Пять дней, оставленные на раздумье, я провел спокойно. В сущности, страхи были сбиты его бодрым тоном, даже срок, который придется провести в больнице, не особенно пугал. Наверное, он был хороший врач, потому что при всей моей мнительности ни разу за разговор его честность не вызвала у меня сомнений. В общем-то, он меня и не обманул. В воскресенье, как и было договорено, я позвонил, подтвердил, что ложусь, а в понедельник – это было десятое число – мама и тетка проводили меня до приемного покоя. Здесь я переоделся в казенную пижаму, после чего они сдали меня с рук на руки медсестре и, поцеловав, ушли. Мама плакала, но больше для порядка, она была измучена ожиданием моих припадков, тем, что никуда не может отпустить одного, – теперь больница соглашалась дать ей отдых, передышку, и даже была надежда, что меня подлечат. Конечно, маме хотелось в это верить. Во всяком случае, ей твердо обещали, что хуже не будет, и в больнице она оставляла меня со спокойной душой.
Корпус, в котором был приемный покой, находился почти у самой Яузы, на задах того двенадцатиэтажного здания, где был кабинет Кронфельда. Приемное отделение помещалось в старом, возведенном еще до революции доме. Проектировали его, похоже, как загородный особняк, но на середине работ решили переделать под клинику и к центральной, очень изящной части добавили с двух сторон непропорционально длинные, а главное, высокие флигели, после чего все сооружение сразу стало напоминать казарму. Позднее многочисленные, как они у нас называются, косметические ремонты окончательно подравняли здание. Орнаменты, звериные морды, другая лепнина или обвалилась, или была отбита; даже колонны, раньше выступающие из стены полукругом, постепенно были замазаны штукатуркой и теперь выделялись лишь цветом. Корпус был историческим:
с него, построенного иждивением какого-то купца-золотопромышленника лично для Корсакова, и началась больница.

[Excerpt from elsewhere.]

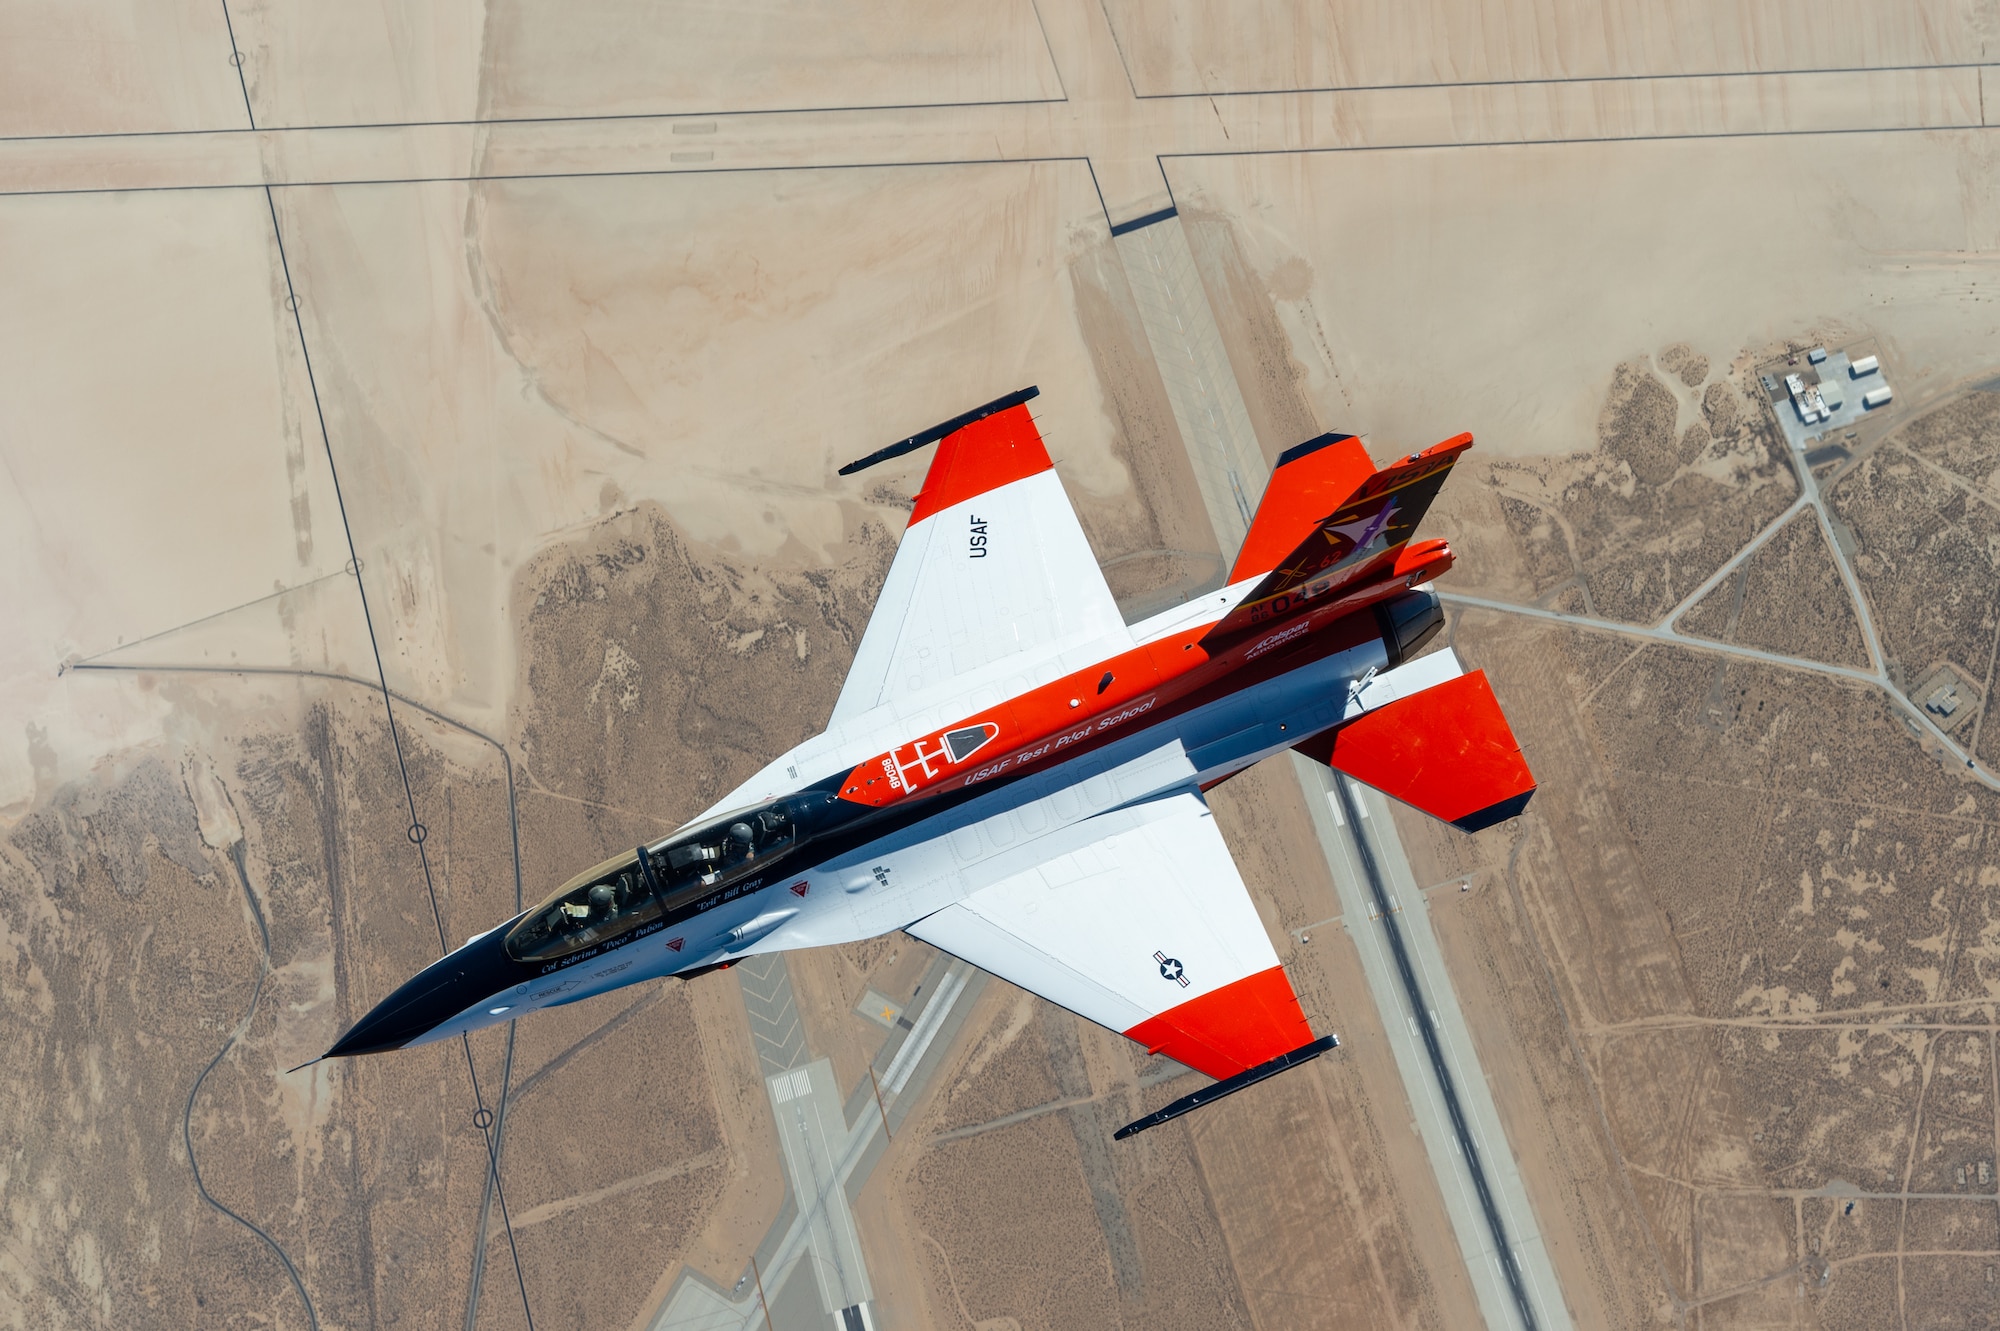 The X-62 Variable In-Flight Simulator Test Aircraft (VISTA) flies in the skies over Edwards Air Force Base, California, Aug. 26, 2022. (Air Force photo by Kyle Brasier)

Между собой двенадцатиэтажный корпус и приемный покой были соединены, как пуповиной, подземным тоннелем, и я был уверен, что сестра, оформив бумаги, отведет меня на уже знакомый шестой этаж, но оказалось, что Кронфельд поистине вездесущ и возглавляет в больнице не одно, а целых два отделения; нужное нам как раз находится здесь. Про Кронфельда сестра рассказывала мило и весело, а потом без всякого перехода принялась жалеть, какой я молодой. Делала она это быстро, почти скороговоркой, и странно похоже на то, как в церквах, молясь, причитают старухи. Наконец она кончила и писать, и сострадать, спокойно взяла меня за руку и повела в палату. С койкой, объясняла она, пока мы шли, мне очень повезло: она у окна, а окно выходит в парк, место самое что ни на есть почетное, по справедливости положено оно старожилу, но отделение у них особенное, и ей жалко, что я чуть не мальчик, а уже пациент Кронфельда, поэтому она отдает его мне.
Так я стал законным обитателем здешнего мира. Теперь мне надо было его обживать. Я думал, что больничная жизнь дастся мне проще, но привыкал медленно и тяжело. По всем статьям я был привилегированным пациентом: попал сюда по блату, главное же – состояние мое было легче, чем у других, но все это оказалось слабым утешением. Скорее, наоборот. Дело в том, что я был едва ли не единственным из местных постояльцев, кто вообще ощущал себя больным; правилом, нормой тут было чувствовать боль, а не болезнь; боль приходила, и тогда ты мучился и страдал, но потом, когда она слабела, кончалась, ты забывал о ней, забывал так, словно ее и вовсе не было. Я же забвения был лишен. Я всегда был со своей болезнью, всегда думал о ней, всегда следил за ее динамикой и изменениями, следил, как действуют препараты, что я принимал, насколько мне лучше или, наоборот, хуже.